For Python 3.2: Why does adding bytes to a bytes object take longer as more bytes are added?

user1660861 picture user1660861 · Sep 10, 2012 · Viewed 8.8k times · Source

I recently started learning Python (my first programming language since using GW BASIC as a kid). I’ve noticed that when adding bytes to a bytes object, each byte takes more time to add than the last; and by contrast, when adding integers to a list object, each integer takes the same amount of time to add as the last. The following program illustrates.

import time
import struct
time.clock() # for Windows

def time_list():
    print("adding 9,999,999 0s to one list 9 times:")
    a = []
    for i in range(9):
        start_time = time.clock()
        for j in range(9999999):
            a += [0]
        end_time = time.clock()
        print("loop %d took %f seconds" %(i, end_time - start_time))
    print()

def time_bytes_object():
    print("adding 99,999 pad bytes to a bytes object 9 times:")
    a = bytes()
    for i in range(9):
        start_time = time.clock()
        for j in range(99999):
            a += struct.pack('<B', 0)
        end_time = time.clock()
        print("loop %d took %f seconds" %(i, end_time - start_time))
    print()

time_list()
time_bytes_object()

What is it about the bytes object (or the struct.pack function) that makes adding bytes take increasing amounts of time? Or is there a faster way to collect a bunch of bytes than the way used in my example?

Thanks for any help,

Victor

Answer

nneonneo picture nneonneo · Sep 10, 2012

Byte strings (and Unicode strings) in Python are immutable, whereas lists are mutable.

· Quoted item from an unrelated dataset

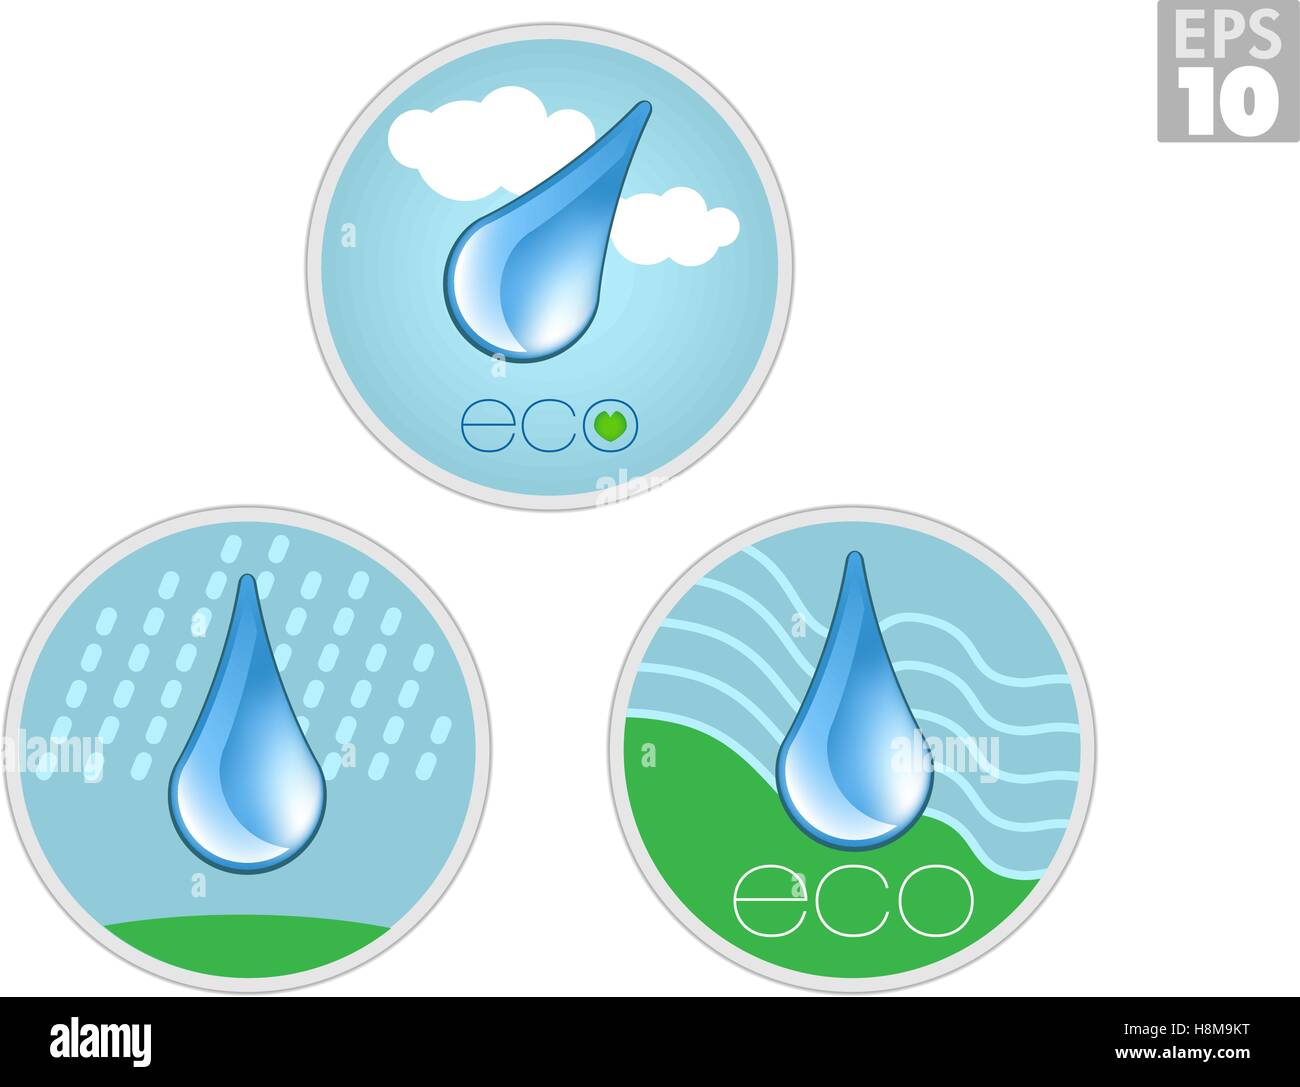 Eco-friendly icone di acqua, acqua pulita scende, ambiente verde Illustrazione Vettoriale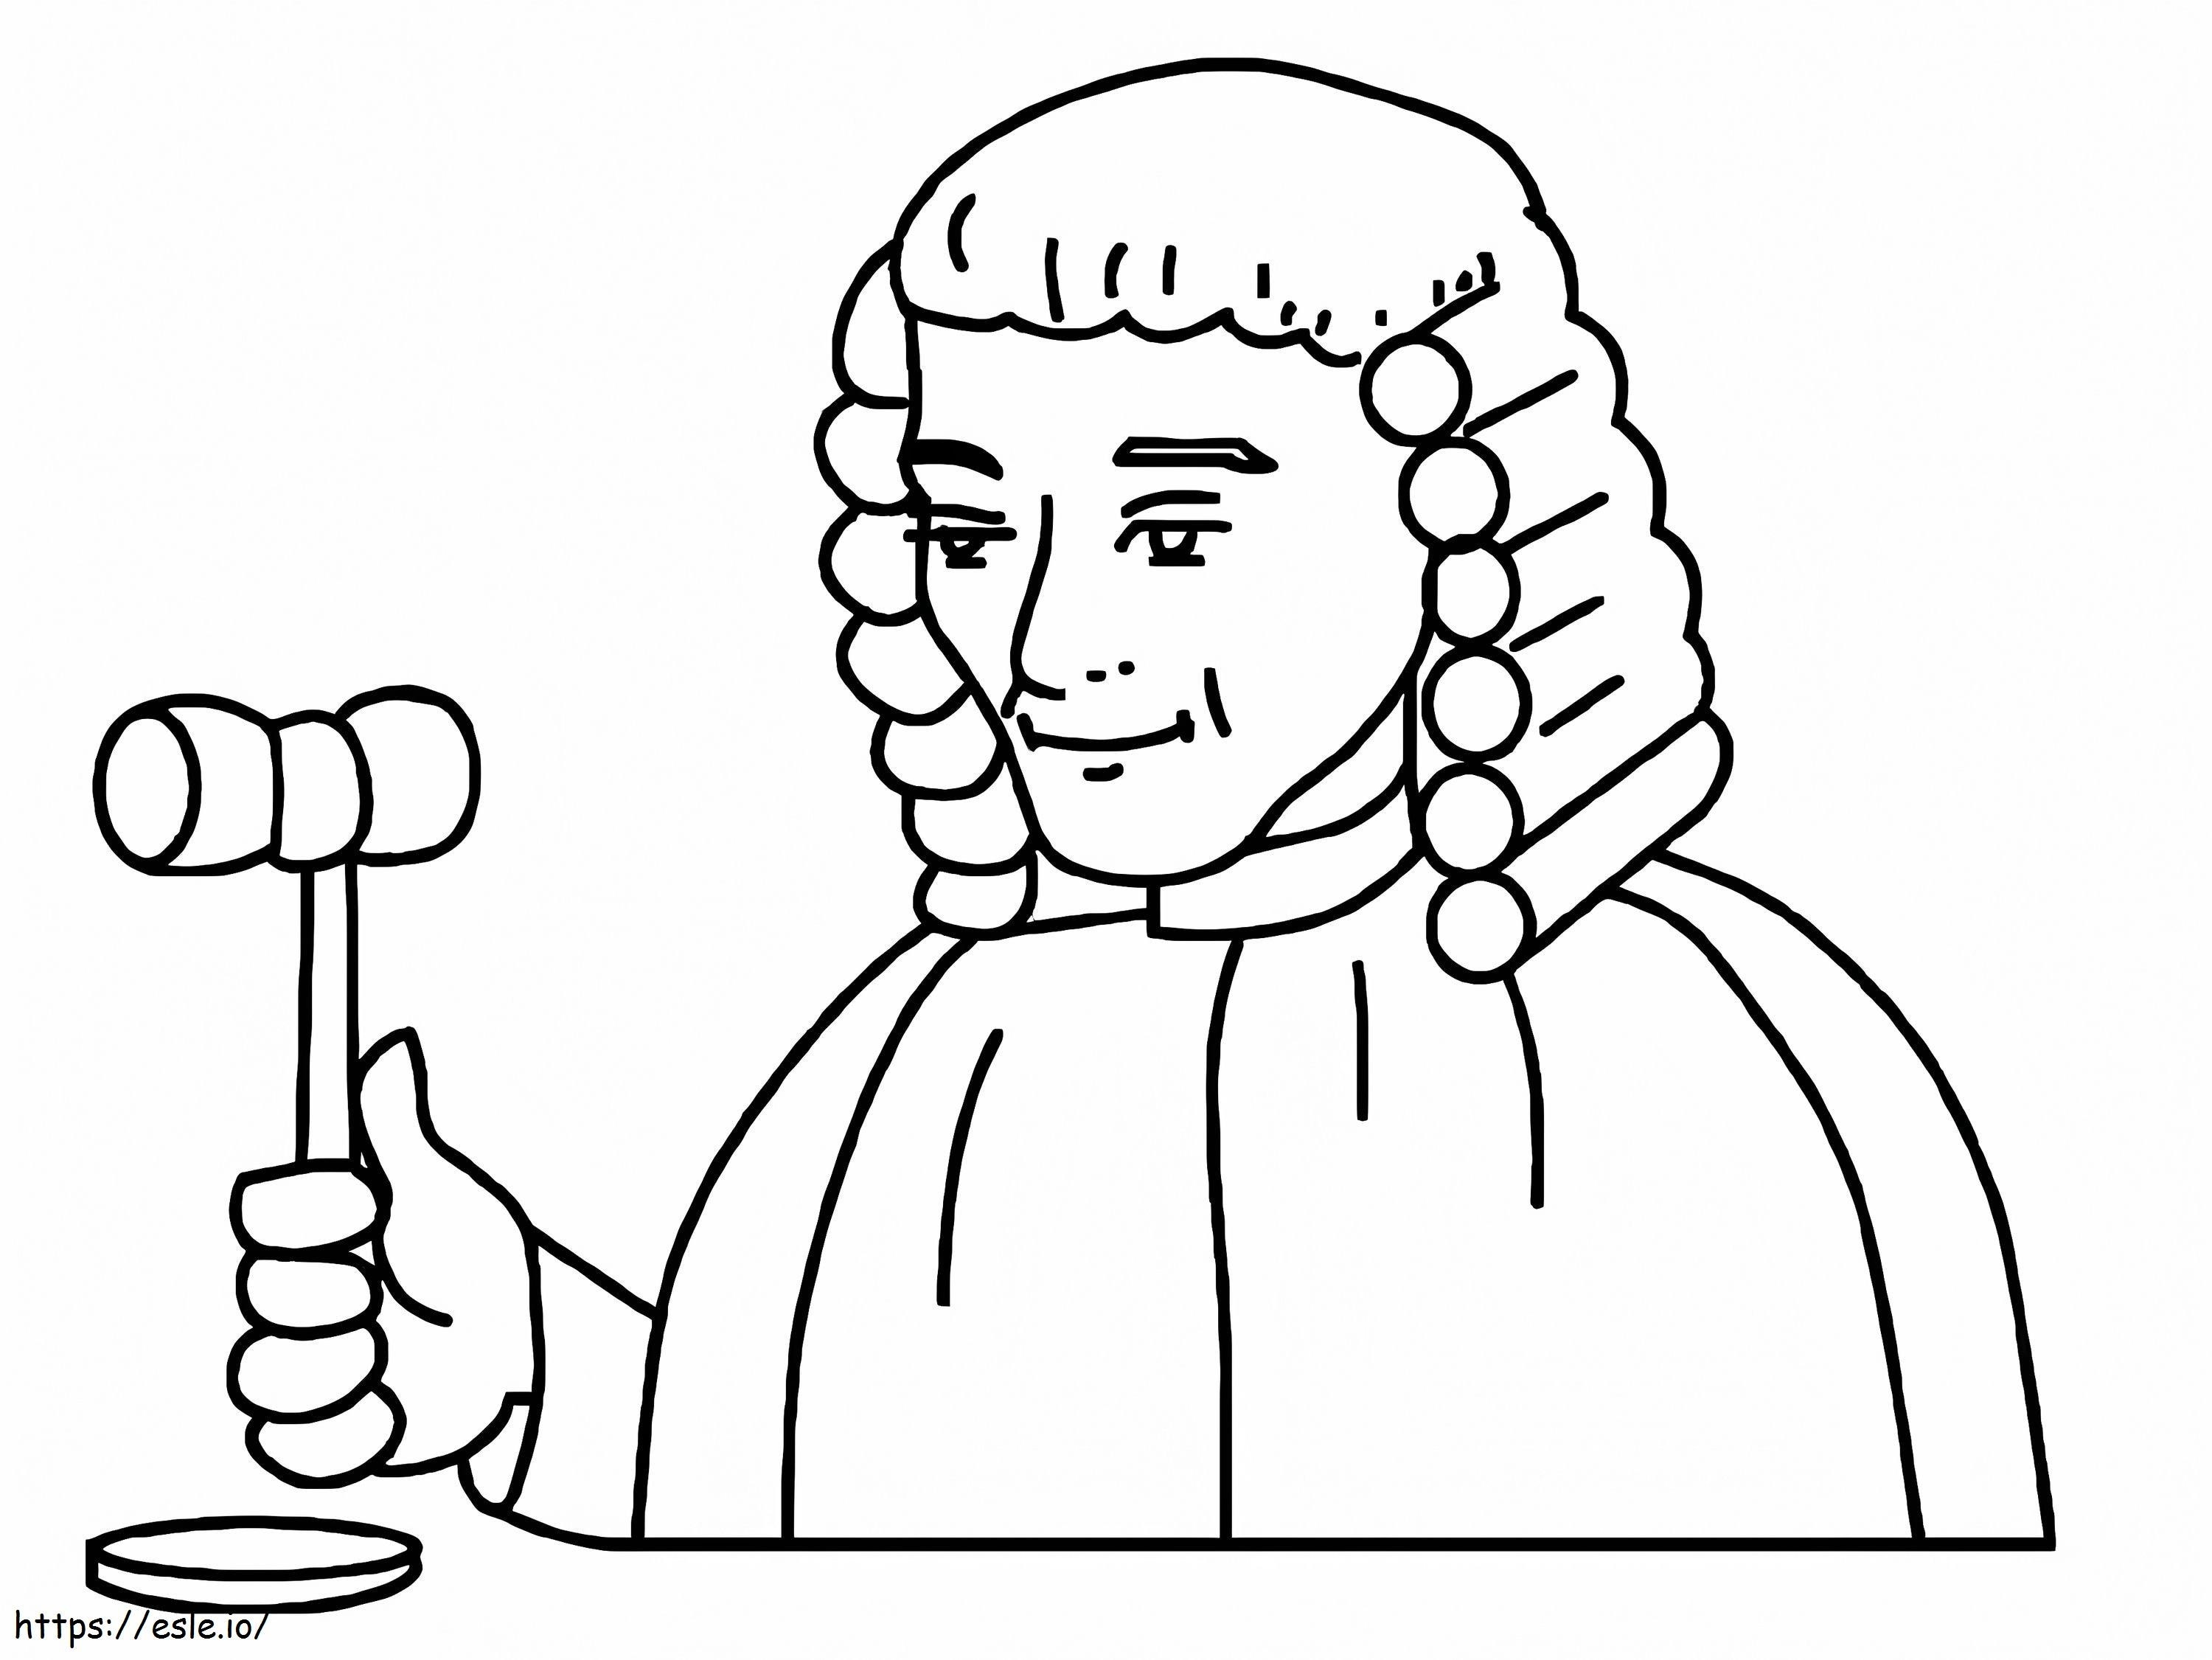 O juiz está sorrindo para colorir

What this means is that every append (+=) done on a byte string must make a copy of that string; the original is not modified (though it will be garbage-collected later). In contrast, the append method of list (also used by +=) will actually modify the list.

What you want is the bytearray type, which is a mutable type functioning much like a list of bytes. Appending to a bytearray takes (amortized) constant time, and it is easily converted to and from a byte string.